When you return the entries, keep every word and mark exactly as it is.

──────── Material for this exercise ────────

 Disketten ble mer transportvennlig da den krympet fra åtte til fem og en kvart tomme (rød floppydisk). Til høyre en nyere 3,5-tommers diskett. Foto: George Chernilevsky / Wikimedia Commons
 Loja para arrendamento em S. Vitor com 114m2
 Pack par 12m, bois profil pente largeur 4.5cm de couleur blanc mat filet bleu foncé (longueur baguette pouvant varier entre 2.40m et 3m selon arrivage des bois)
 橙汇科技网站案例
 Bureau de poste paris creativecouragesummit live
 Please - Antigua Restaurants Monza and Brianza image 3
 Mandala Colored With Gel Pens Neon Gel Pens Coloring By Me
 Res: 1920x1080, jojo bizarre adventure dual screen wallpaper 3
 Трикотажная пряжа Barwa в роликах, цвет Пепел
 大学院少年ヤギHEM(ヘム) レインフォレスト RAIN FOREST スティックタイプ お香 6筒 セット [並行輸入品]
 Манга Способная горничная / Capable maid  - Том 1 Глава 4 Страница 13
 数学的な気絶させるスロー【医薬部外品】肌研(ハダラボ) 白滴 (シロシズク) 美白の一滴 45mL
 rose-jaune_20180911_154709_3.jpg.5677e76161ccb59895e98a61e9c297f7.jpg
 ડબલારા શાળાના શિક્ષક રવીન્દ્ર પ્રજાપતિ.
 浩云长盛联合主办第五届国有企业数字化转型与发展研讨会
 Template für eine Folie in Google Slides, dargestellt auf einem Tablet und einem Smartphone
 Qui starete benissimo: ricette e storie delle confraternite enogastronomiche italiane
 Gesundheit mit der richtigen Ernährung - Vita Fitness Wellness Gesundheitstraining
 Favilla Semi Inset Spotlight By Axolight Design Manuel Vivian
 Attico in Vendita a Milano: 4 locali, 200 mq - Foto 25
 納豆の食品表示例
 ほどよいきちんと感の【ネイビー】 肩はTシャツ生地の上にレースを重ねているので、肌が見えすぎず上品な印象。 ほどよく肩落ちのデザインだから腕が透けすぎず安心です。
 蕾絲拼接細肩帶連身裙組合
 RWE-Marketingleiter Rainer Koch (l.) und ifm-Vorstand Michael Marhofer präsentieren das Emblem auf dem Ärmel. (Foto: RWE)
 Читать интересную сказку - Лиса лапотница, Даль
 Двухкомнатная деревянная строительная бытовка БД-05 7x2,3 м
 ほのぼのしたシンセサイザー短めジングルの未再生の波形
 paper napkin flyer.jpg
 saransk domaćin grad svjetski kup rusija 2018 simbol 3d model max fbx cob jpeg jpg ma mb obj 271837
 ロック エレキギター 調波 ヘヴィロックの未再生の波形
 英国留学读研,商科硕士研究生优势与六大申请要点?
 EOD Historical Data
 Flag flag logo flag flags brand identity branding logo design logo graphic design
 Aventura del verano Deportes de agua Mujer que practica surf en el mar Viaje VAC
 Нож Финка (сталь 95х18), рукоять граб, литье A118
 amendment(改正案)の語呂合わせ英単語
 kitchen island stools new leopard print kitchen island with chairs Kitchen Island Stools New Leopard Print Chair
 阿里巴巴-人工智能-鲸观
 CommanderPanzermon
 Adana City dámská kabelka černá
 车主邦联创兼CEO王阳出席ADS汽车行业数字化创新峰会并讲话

────────

Result of the exercise
 Disketten ble mer transportvennlig da den krympet fra åtte til fem og en kvart tomme (rød floppydisk). Til høyre en nyere 3,5-tommers diskett. Foto: George Chernilevsky / Wikimedia Commons
 Loja para arrendamento em S. Vitor com 114m2
 Pack par 12m, bois profil pente largeur 4.5cm de couleur blanc mat filet bleu foncé (longueur baguette pouvant varier entre 2.40m et 3m selon arrivage des bois)
 橙汇科技网站案例
 Bureau de poste paris creativecouragesummit live
 Please - Antigua Restaurants Monza and Brianza image 3
 Mandala Colored With Gel Pens Neon Gel Pens Coloring By Me
 Res: 1920x1080, jojo bizarre adventure dual screen wallpaper 3
 Трикотажная пряжа Barwa в роликах, цвет Пепел
 大学院少年ヤギHEM(ヘム) レインフォレスト RAIN FOREST スティックタイプ お香 6筒 セット [並行輸入品]
 Манга Способная горничная / Capable maid  - Том 1 Глава 4 Страница 13
 数学的な気絶させるスロー【医薬部外品】肌研(ハダラボ) 白滴 (シロシズク) 美白の一滴 45mL
 rose-jaune_20180911_154709_3.jpg.5677e76161ccb59895e98a61e9c297f7.jpg
 ડબલારા શાળાના શિક્ષક રવીન્દ્ર પ્રજાપતિ.
 浩云长盛联合主办第五届国有企业数字化转型与发展研讨会
 Template für eine Folie in Google Slides, dargestellt auf einem Tablet und einem Smartphone
 Qui starete benissimo: ricette e storie delle confraternite enogastronomiche italiane
 Gesundheit mit der richtigen Ernährung - Vita Fitness Wellness Gesundheitstraining
 Favilla Semi Inset Spotlight By Axolight Design Manuel Vivian
 Attico in Vendita a Milano: 4 locali, 200 mq - Foto 25
 納豆の食品表示例
 ほどよいきちんと感の【ネイビー】 肩はTシャツ生地の上にレースを重ねているので、肌が見えすぎず上品な印象。 ほどよく肩落ちのデザインだから腕が透けすぎず安心です。
 蕾絲拼接細肩帶連身裙組合
 RWE-Marketingleiter Rainer Koch (l.) und ifm-Vorstand Michael Marhofer präsentieren das Emblem auf dem Ärmel. (Foto: RWE)
 Читать интересную сказку - Лиса лапотница, Даль
 Двухкомнатная деревянная строительная бытовка БД-05 7x2,3 м
 ほのぼのしたシンセサイザー短めジングルの未再生の波形
 paper napkin flyer.jpg
 saransk domaćin grad svjetski kup rusija 2018 simbol 3d model max fbx cob jpeg jpg ma mb obj 271837
 ロック エレキギター 調波 ヘヴィロックの未再生の波形
 英国留学读研,商科硕士研究生优势与六大申请要点?
 EOD Historical Data
 Flag flag logo flag flags brand identity branding logo design logo graphic design
 Aventura del verano Deportes de agua Mujer que practica surf en el mar Viaje VAC
 Нож Финка (сталь 95х18), рукоять граб, литье A118
 amendment(改正案)の語呂合わせ英単語
 kitchen island stools new leopard print kitchen island with chairs Kitchen Island Stools New Leopard Print Chair
 阿里巴巴-人工智能-鲸观
 CommanderPanzermon
 Adana City dámská kabelka černá
 车主邦联创兼CEO王阳出席ADS汽车行业数字化创新峰会并讲话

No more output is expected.